Published online by Cambridge University Press: 05 August 2012
Much current writing on the Trinity refers to a renaissance of trinitarian theology. Certainly the last two decades have seen a surge in publications on the Trinity – incorporating historical, contemporary, and interdisciplinary perspectives. It is as if theologians want to compensate for a legacy of marginalisation, particularly of pneumatology, within theology. Not that theology was ever entirely unaware of its trinitarian foundations and structure. But this framework remained to a large extent implicit, rather than explicit. The generalised and somewhat caricatured description of this state of affairs is that the doctrine of the Trinity developed in an abstract and speculative direction. It was preoccupied with talk about the inner life of God (the immanent or eternal Trinity) to the neglect of God as revealed in the biblical narratives of salvation history (the economic Trinity).
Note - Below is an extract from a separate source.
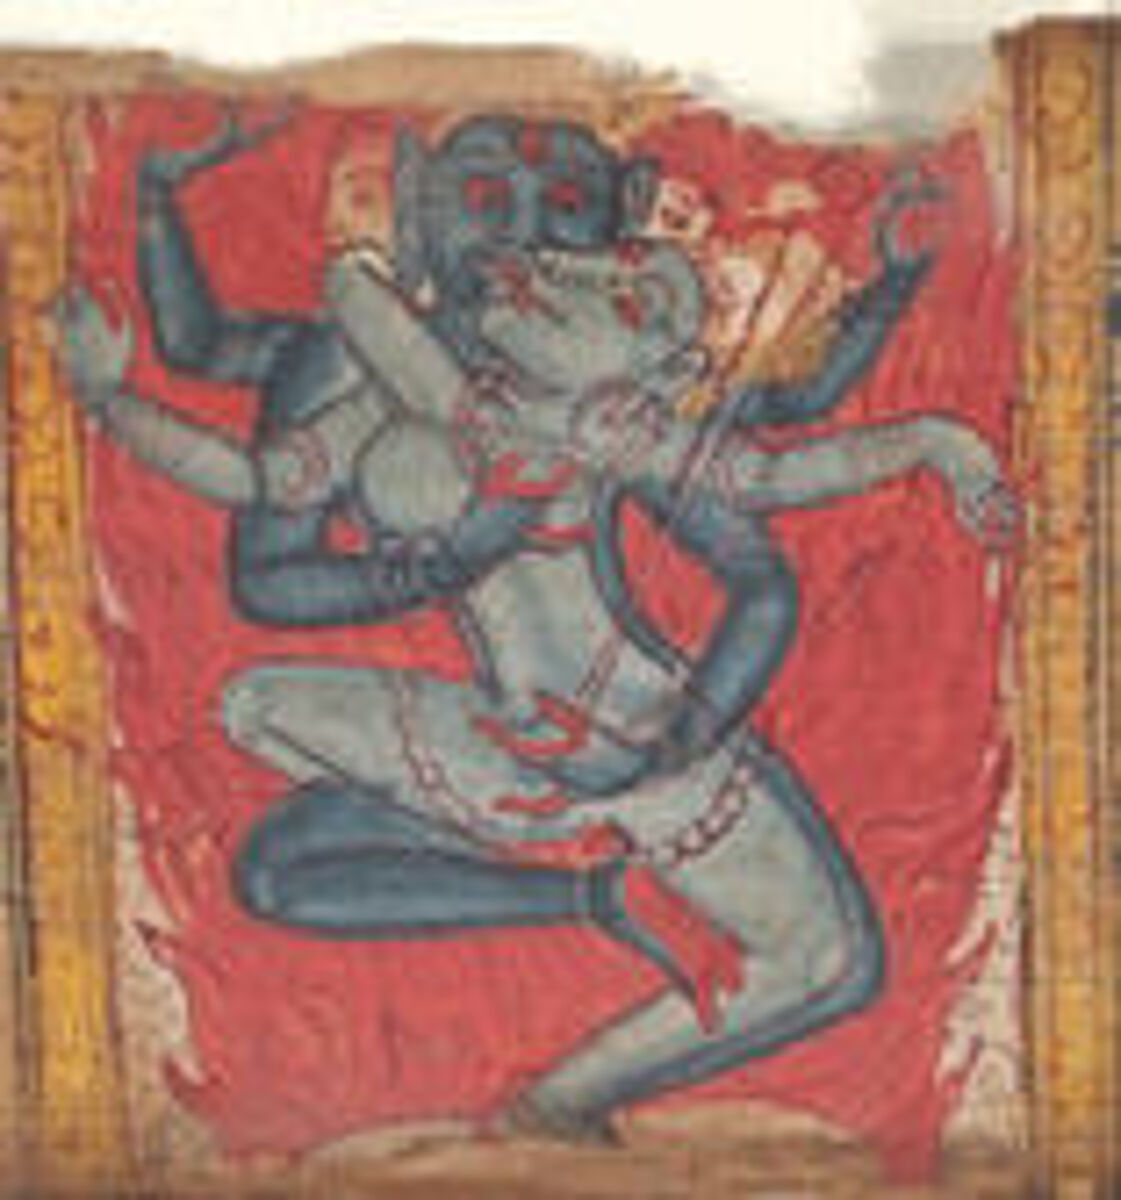 Chakrasamvara in Sexual Union with His Consort, Vajravarahi, Leaf from a dispersed Ashtasahasrika Prajnaparamita (Perfection of Wisdom) Manuscript, Ink and color on palm leaf, India (Bihar or West Bengal) 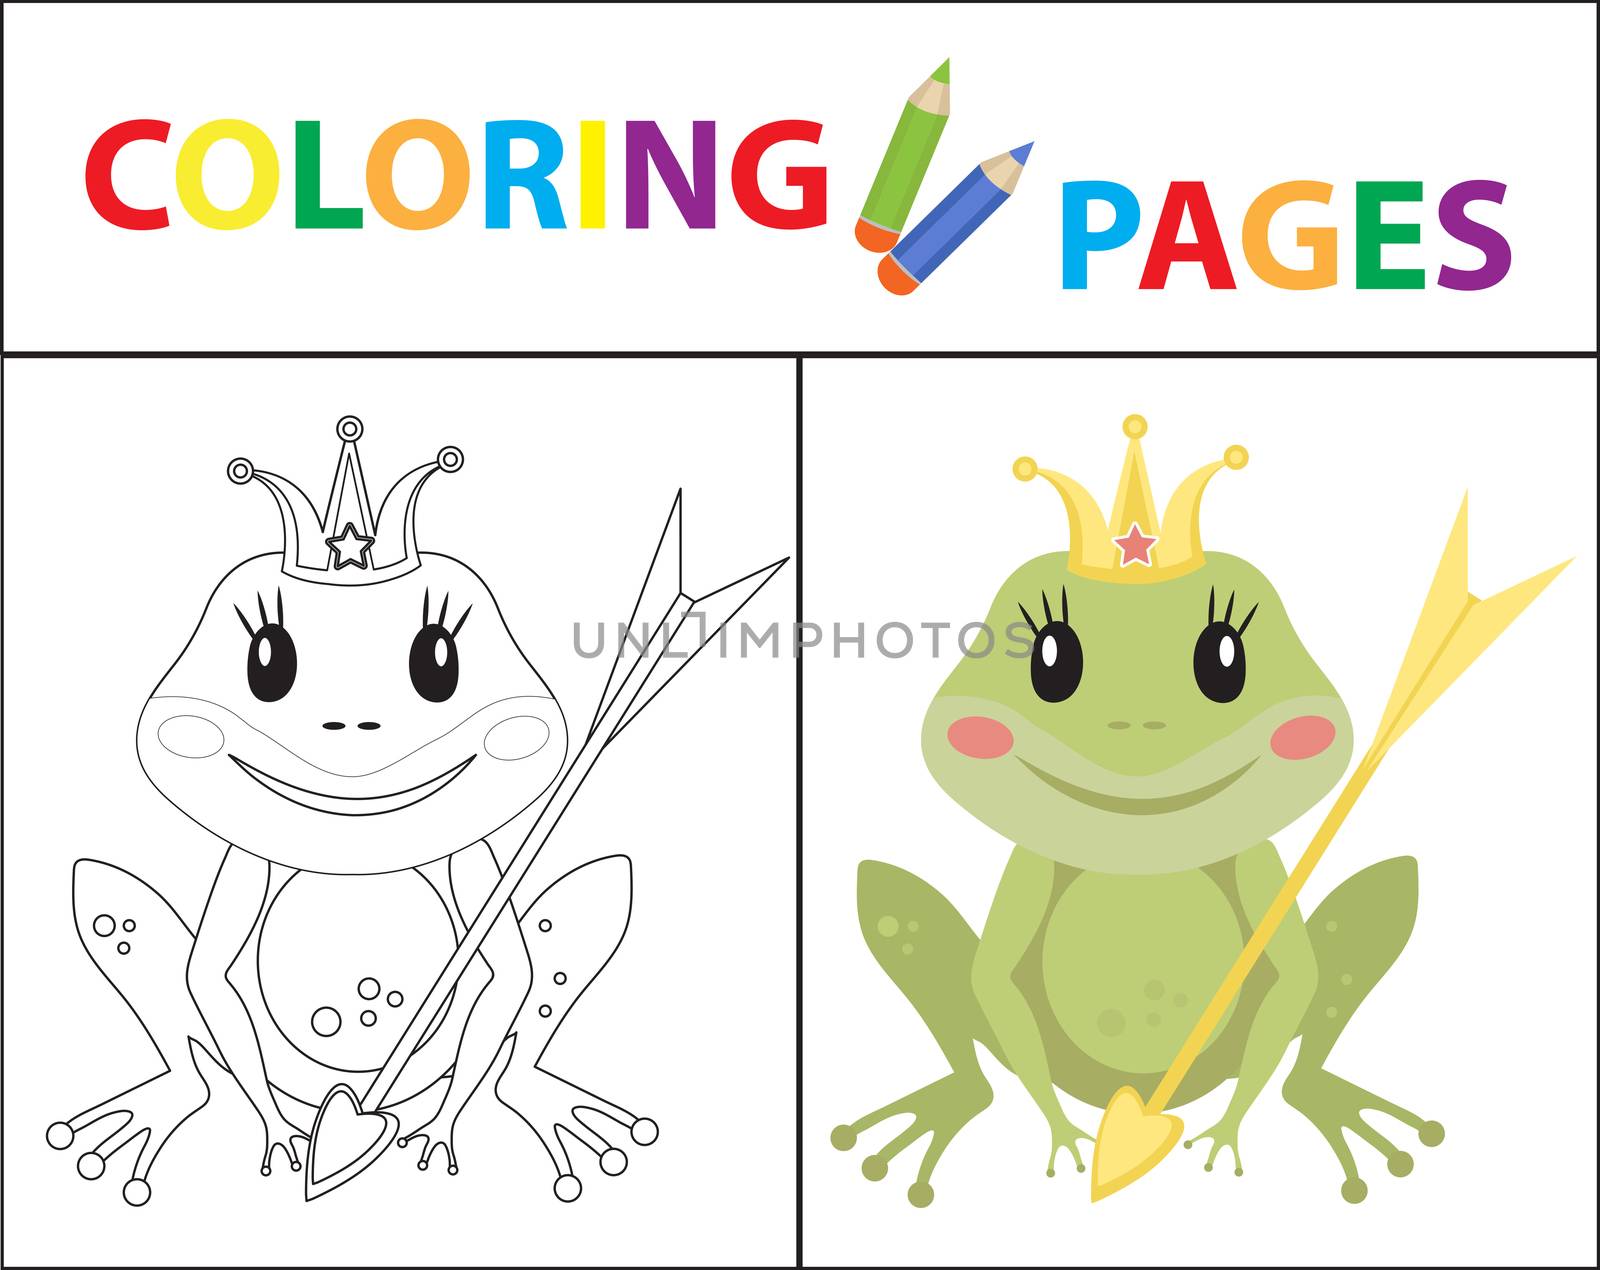 Coloring book page for kids. Frog princess Sketch outline and color version. Childrens education. illustration

While this might describe how the Trinity was taught in seminaries with the tracts De Deo Uno followed by De Deo Trino, and its trinitarian axioms, it does not do justice to the theological giants who transcend easy categorisation. Thus those who accuse Augustine of a basically introspective trinitarian theology – focussing on psychological analogies to explicate the trinitarian life – overlook that, in the first part of his De Trinitate, Augustine searches, admittedly rather imaginatively, for trinitarian analogies in Scripture. Even Thomas Aquinas, at whose door many of the problems with an abstract and intellectualist approach to theology have been put, evinces an impressive integration of theology and spirituality, even though this is not immediately apparent in his Summa Theologiae.